■ Your goal ■
For this exercise, restate the data below with no change at all.

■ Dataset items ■
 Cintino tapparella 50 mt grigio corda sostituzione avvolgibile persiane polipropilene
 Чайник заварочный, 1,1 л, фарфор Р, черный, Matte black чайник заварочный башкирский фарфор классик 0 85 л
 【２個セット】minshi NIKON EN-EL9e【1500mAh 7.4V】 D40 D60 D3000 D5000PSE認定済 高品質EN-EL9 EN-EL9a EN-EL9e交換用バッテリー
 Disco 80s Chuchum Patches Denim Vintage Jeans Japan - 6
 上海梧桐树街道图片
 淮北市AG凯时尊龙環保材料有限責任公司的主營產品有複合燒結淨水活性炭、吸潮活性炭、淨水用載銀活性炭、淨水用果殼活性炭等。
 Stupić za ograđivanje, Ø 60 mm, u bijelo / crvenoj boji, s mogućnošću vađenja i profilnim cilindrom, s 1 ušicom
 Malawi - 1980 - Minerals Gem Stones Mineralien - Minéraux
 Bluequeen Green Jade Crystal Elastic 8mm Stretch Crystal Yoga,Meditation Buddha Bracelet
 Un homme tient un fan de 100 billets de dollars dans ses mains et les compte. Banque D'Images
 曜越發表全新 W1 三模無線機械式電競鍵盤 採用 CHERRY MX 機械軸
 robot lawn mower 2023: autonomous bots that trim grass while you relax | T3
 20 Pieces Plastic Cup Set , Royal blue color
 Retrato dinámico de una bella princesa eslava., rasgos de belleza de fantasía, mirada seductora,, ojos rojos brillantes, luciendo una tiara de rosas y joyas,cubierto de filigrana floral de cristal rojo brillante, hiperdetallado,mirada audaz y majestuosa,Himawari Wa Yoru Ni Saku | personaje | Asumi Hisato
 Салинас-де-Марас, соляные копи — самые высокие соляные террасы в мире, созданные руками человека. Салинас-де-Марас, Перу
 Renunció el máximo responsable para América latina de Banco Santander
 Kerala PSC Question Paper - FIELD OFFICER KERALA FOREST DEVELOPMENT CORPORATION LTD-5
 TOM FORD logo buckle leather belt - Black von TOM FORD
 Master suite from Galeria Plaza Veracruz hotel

■ Answer to this task ■
 Cintino tapparella 50 mt grigio corda sostituzione avvolgibile persiane polipropilene
 Чайник заварочный, 1,1 л, фарфор Р, черный, Matte black чайник заварочный башкирский фарфор классик 0 85 л
 【２個セット】minshi NIKON EN-EL9e【1500mAh 7.4V】 D40 D60 D3000 D5000PSE認定済 高品質EN-EL9 EN-EL9a EN-EL9e交換用バッテリー
 Disco 80s Chuchum Patches Denim Vintage Jeans Japan - 6
 上海梧桐树街道图片
 淮北市AG凯时尊龙環保材料有限責任公司的主營產品有複合燒結淨水活性炭、吸潮活性炭、淨水用載銀活性炭、淨水用果殼活性炭等。
 Stupić za ograđivanje, Ø 60 mm, u bijelo / crvenoj boji, s mogućnošću vađenja i profilnim cilindrom, s 1 ušicom
 Malawi - 1980 - Minerals Gem Stones Mineralien - Minéraux
 Bluequeen Green Jade Crystal Elastic 8mm Stretch Crystal Yoga,Meditation Buddha Bracelet
 Un homme tient un fan de 100 billets de dollars dans ses mains et les compte. Banque D'Images
 曜越發表全新 W1 三模無線機械式電競鍵盤 採用 CHERRY MX 機械軸
 robot lawn mower 2023: autonomous bots that trim grass while you relax | T3
 20 Pieces Plastic Cup Set , Royal blue color
 Retrato dinámico de una bella princesa eslava., rasgos de belleza de fantasía, mirada seductora,, ojos rojos brillantes, luciendo una tiara de rosas y joyas,cubierto de filigrana floral de cristal rojo brillante, hiperdetallado,mirada audaz y majestuosa,Himawari Wa Yoru Ni Saku | personaje | Asumi Hisato
 Салинас-де-Марас, соляные копи — самые высокие соляные террасы в мире, созданные руками человека. Салинас-де-Марас, Перу
 Renunció el máximo responsable para América latina de Banco Santander
 Kerala PSC Question Paper - FIELD OFFICER KERALA FOREST DEVELOPMENT CORPORATION LTD-5
 TOM FORD logo buckle leather belt - Black von TOM FORD
 Master suite from Galeria Plaza Veracruz hotel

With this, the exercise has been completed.